Here's another in my continuing series of Ruby Protocol Buffers posts. This time, I've got an interview with Brian Palmer.(I interviewed Brian about his participation in a 'Programming Death Match' back in 2006.)
While working at Mozy, Brian worked with Protocol Buffers, and now maintains the ruby-protocol-buffer. He left Mozy last September, and is now working at a startup called Instructure now.
I hope you enjoy Brian's take on Protocol Buffers.
How did you get started using Protocol Buffers?
Brian: At Mozy, the back-end storage system is written in C++. When we started to standardize our messaging, we evaluated a few different libraries, like Thrift, but ultimately settled on Protocol Buffers because of their great performance and minimal footprint. Our servers handle terabytes of new data a day, so we became sort of "I/O snobs" I guess. We hated using any library that handled its own I/O in a way that we couldn't pipe everything through our finely tuned event loop and zero-copy data structures. So Protocol Buffers, where the data structure and wire format are standardized but the surrounding protocol is up to you, was a perfect fit.
What are its primary application domains?
Brian: I'd say Protocol Buffers are a better fit than say, JSON, for more performance sensitive code, since the wire format is extremely space efficient but fast to parse and generate. Or if you need a very flexible protocol. For instance, we use protocol buffers for the message header but can just pack the actual file data in a raw byte array in the same message, saving the overhead of having our protocol library parsing all those terabytes of data.
Or if you want a flexible data format that still allows a bit more definition than just an arbitrary map of key/value pairs, like JSON. Requiring that fields be defined up front in the .proto file can be really helpful when trying to coordinate communication between different apps internally, especially with the guaranteed backwards compatibility.
Why did you decide to write a Ruby library?

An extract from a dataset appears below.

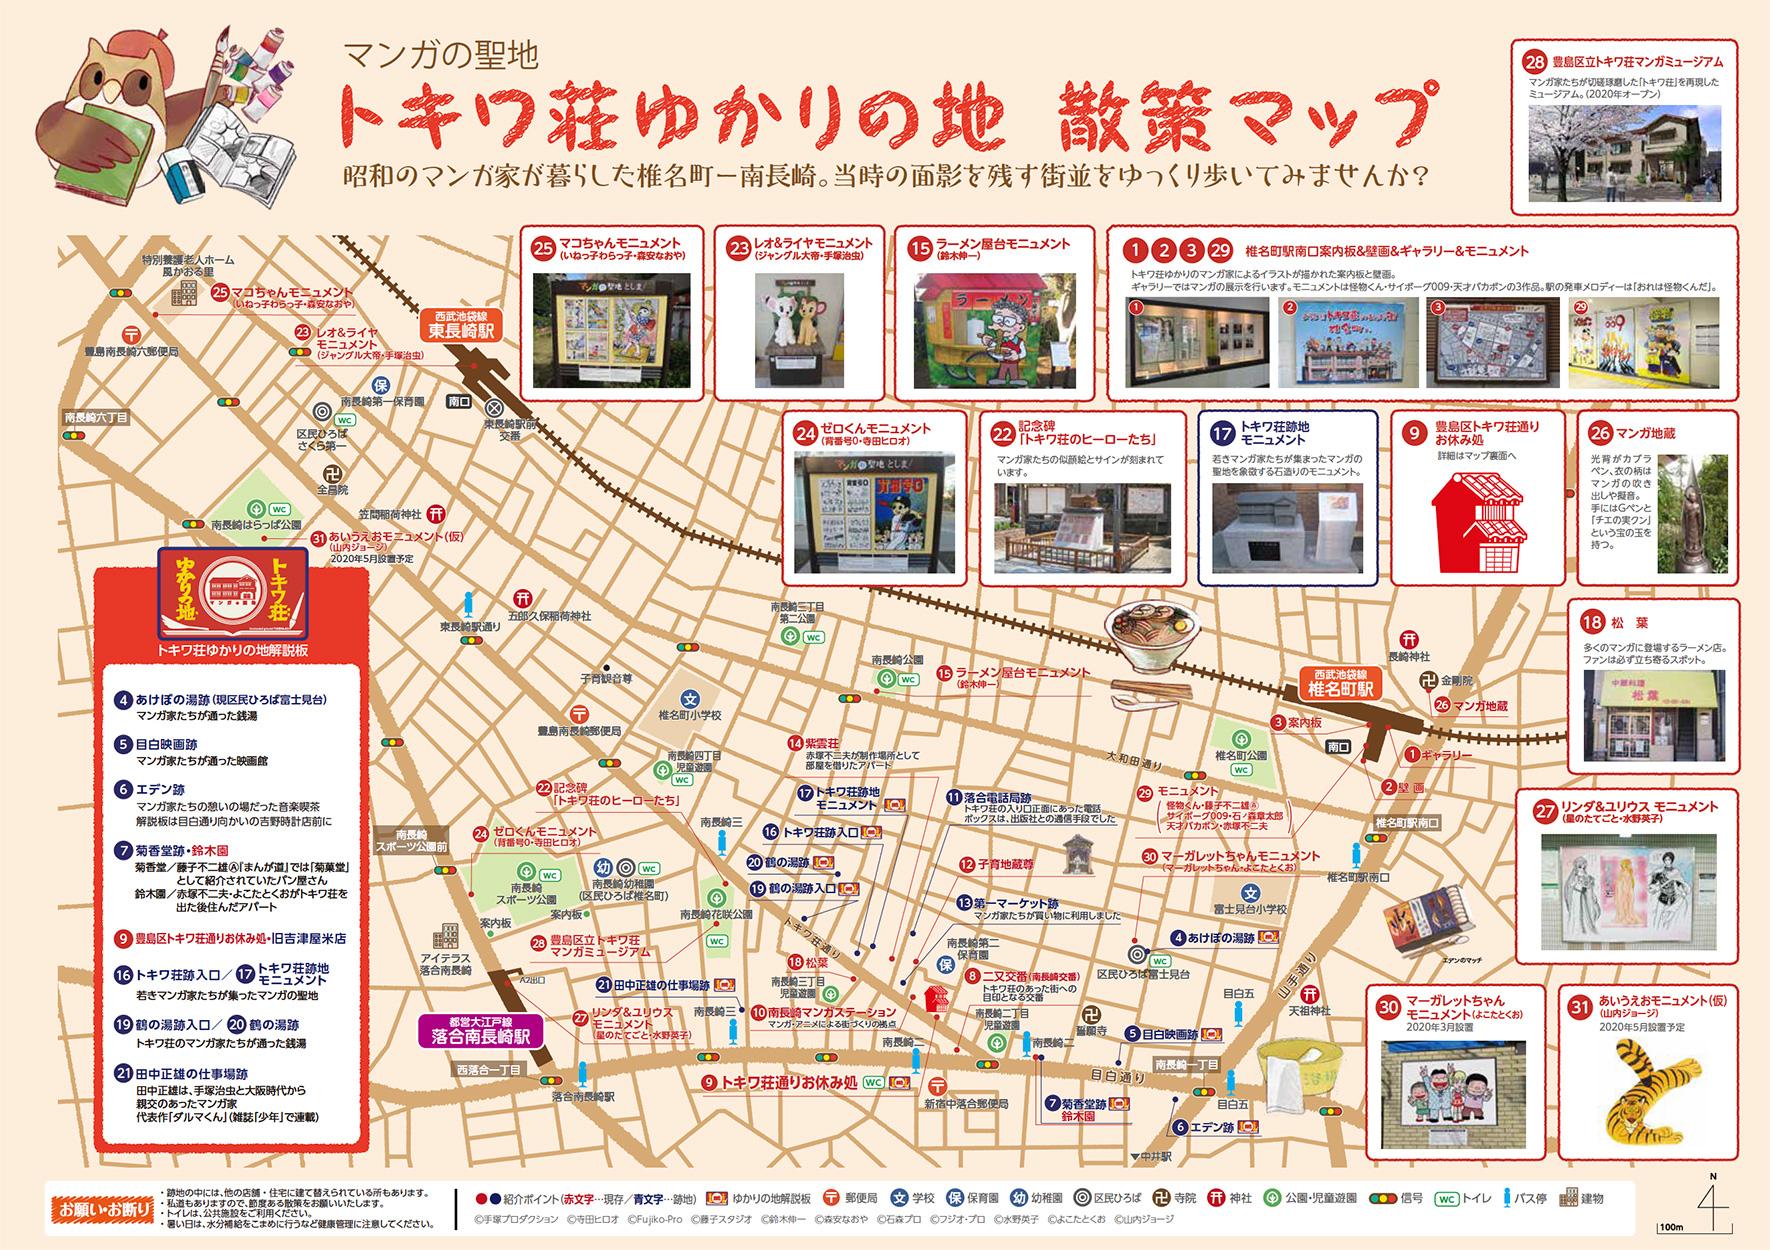 トキワ荘ゆかりの地 散策マップ

Brian: Mozy's back-end is C++, but we use Ruby for the integration test suite for that system, along with all the web software. So we found that we really needed Protocol Buffers for Ruby. This was 3+ years ago -- at the time, we looked at the existing ruby-protobuf library and it wasn't at all suitable for our needs.

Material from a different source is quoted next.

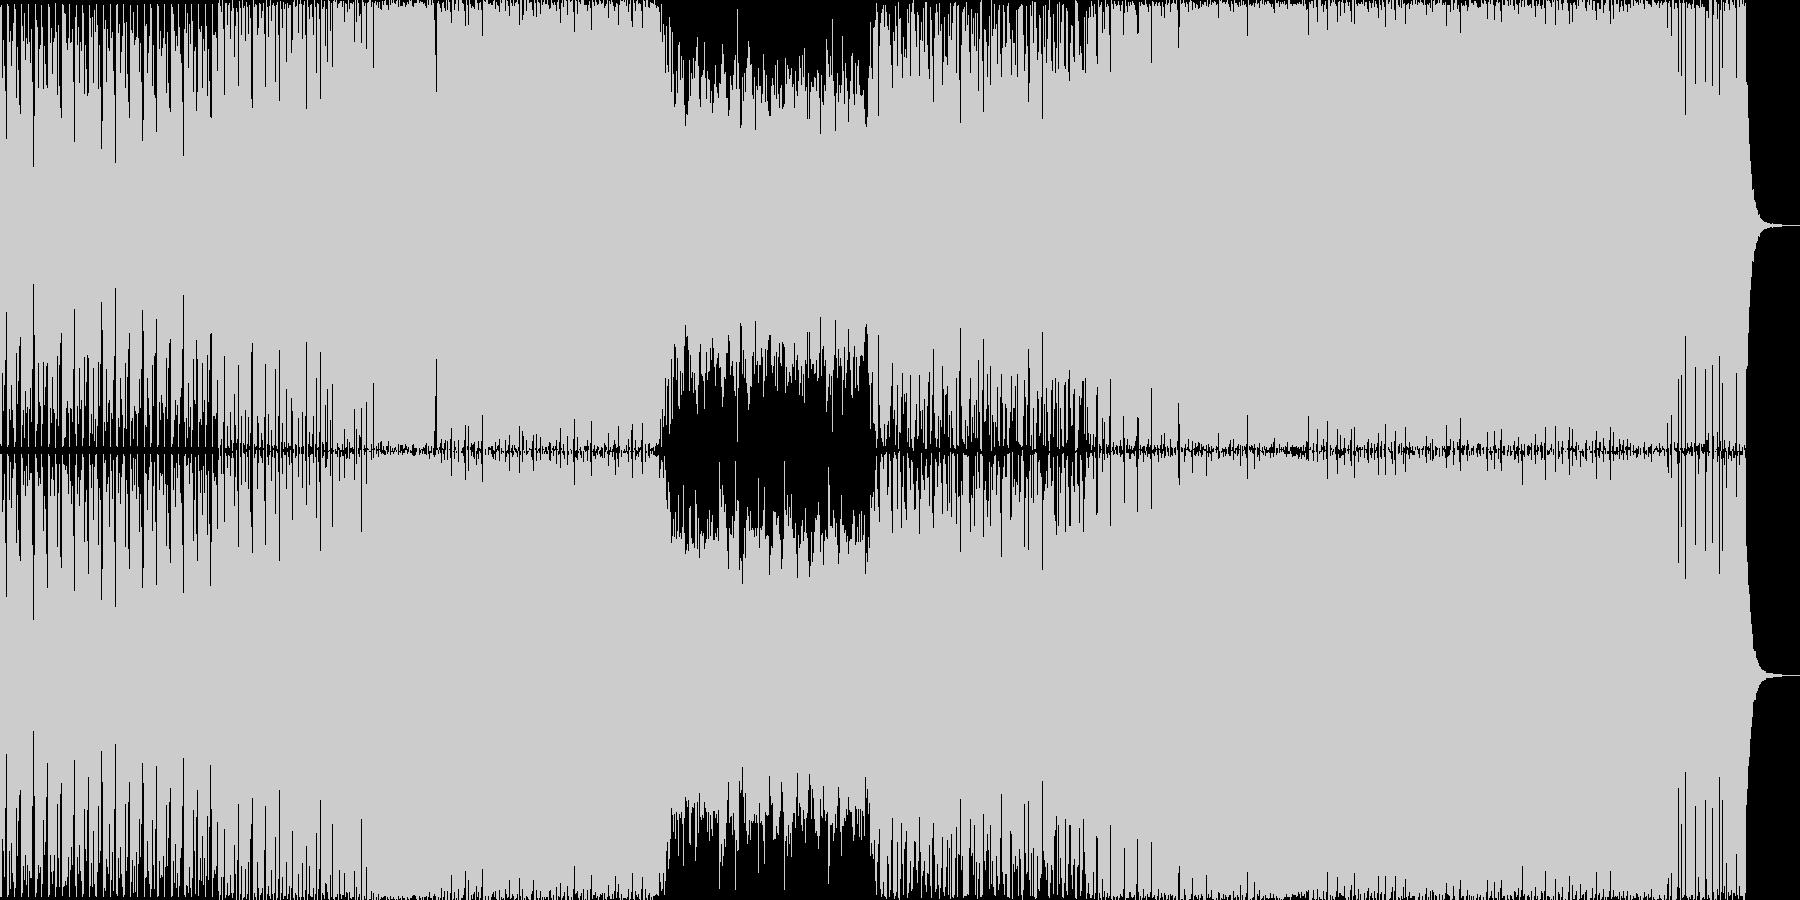 激しめのBig room(EDM)です。の未再生の波形

Initially this was just going to be a small internal tool, part of our testing framework. There wasn't any talk of open sourcing the library until we'd already been using it internally for a couple years. I just looked at ruby-protobuf again when you contacted me, and it looks like it's come a long way in both completeness and performance. Makes me a bit sad that I might have muddied the waters with another competing library when neither is a clear winner, that's unfortunate. Hopefully somebody finds it useful, though.
How much effort did you put into making your library performant? Ruby-ish? What are the trade-offs between the two?
Brian: My main focus was on performance, since we found that ruby's time spent encoding/decoding protocol buffers was actually a bottleneck in running our integration tests. Internally at Mozy we install the library as a debian package, rather than a gem, and this includes the C extension that is currently disabled in the gem packaging, which provides another performance boost, especially on ruby 1.8.7.
I think the library remains pretty ruby-ish though. The only place that doesn't feel very ruby-ish is in the code generation: while in theory you could just write your .pb.rb files by hand without writing a .proto file, it's not very natural in the current implementation. So you'll want to use the code generator. But the runtime API is very natural to use, I think.
Since our main goal was interfacing with an existing C++ infrastructure that uses .proto files extensively, this was a natural trade-off for us to make. It wouldn't take much effort to make a more ruby-ish DSL for the modules, though.
With three competing implementations out there, how do you see the playing field shaking out?
Brian: To be honest, I haven't looked closely at the other ruby offerings in a couple years. But I can say that while generally I'm a big fan of choice, I'm not sure it really makes sense to have three ruby libraries for something as simple as protocol buffers — one library could probably easily be made to serve everybody's purposes. So in that sense, I hope a clear winner is established, if just to avoid fragmentation of effort.
What would you like to see happen in terms of documentation for ruby-protocol-buffers?
Brian: The best documentation for Protocol Buffers in general is definitely going to remain on Google's site. And my online library documentation covers how to use the runtime API pretty well. But it'd be nice to have more explanation of how to get up and running with ruby-protocol-buffers.